'''
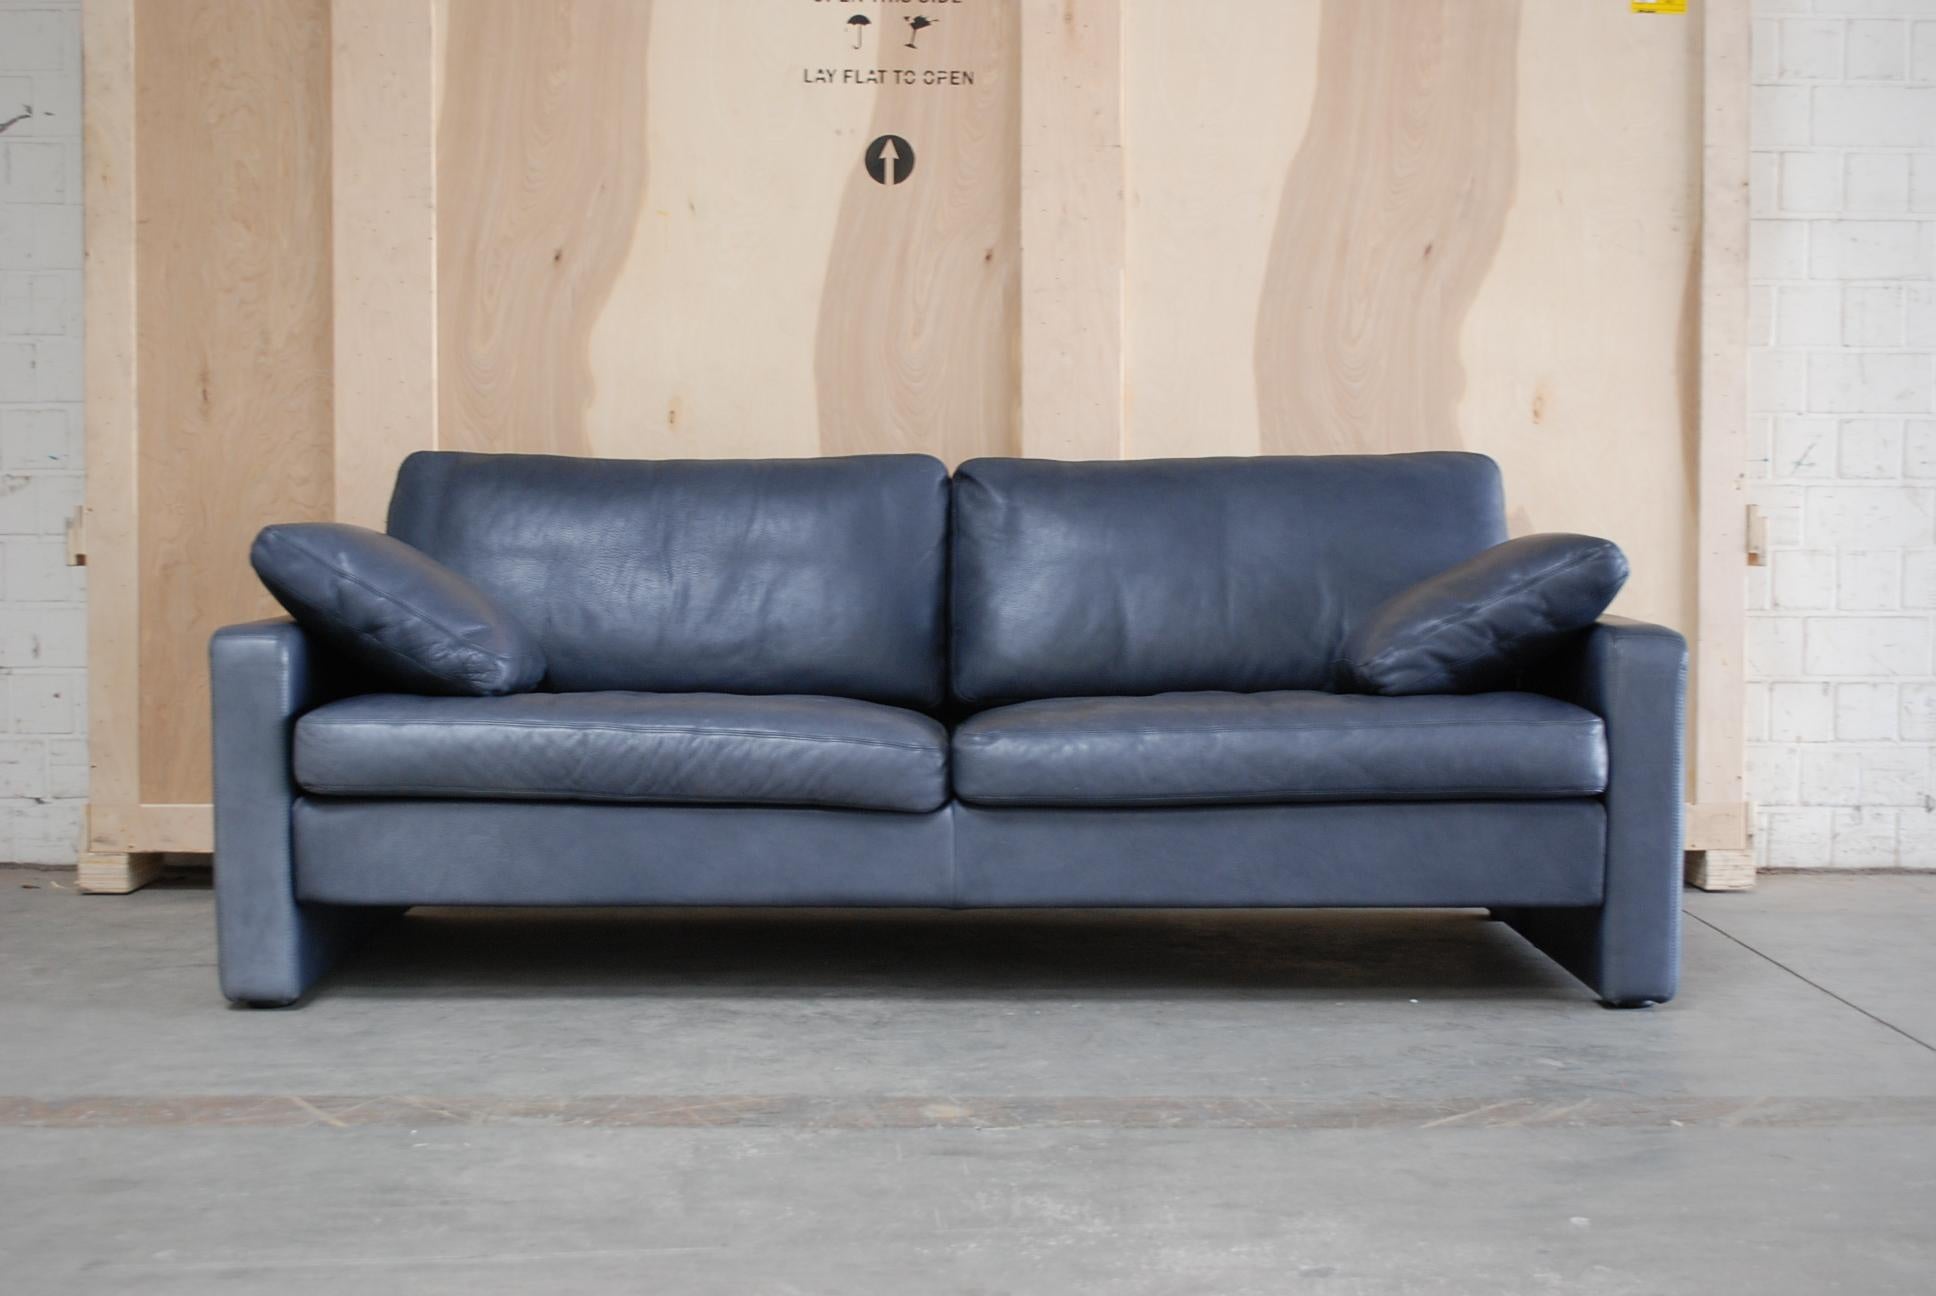 COR leather sofa model Conseta from.
Blue aniline leather. The leather has a soft touch.
Comfortable sofa with decent design.
Design by Friedrich Wilhelm Möller.
A German masterpiece of functional design.
'''
*Task objective:*
Please transcribe the whole listing above exactly, with the images left out.

*Exercise response:*
 COR leather sofa model Conseta from.
Blue aniline leather. The leather has a soft touch.
Comfortable sofa with decent design.
Design by Friedrich Wilhelm Möller.
A German masterpiece of functional design.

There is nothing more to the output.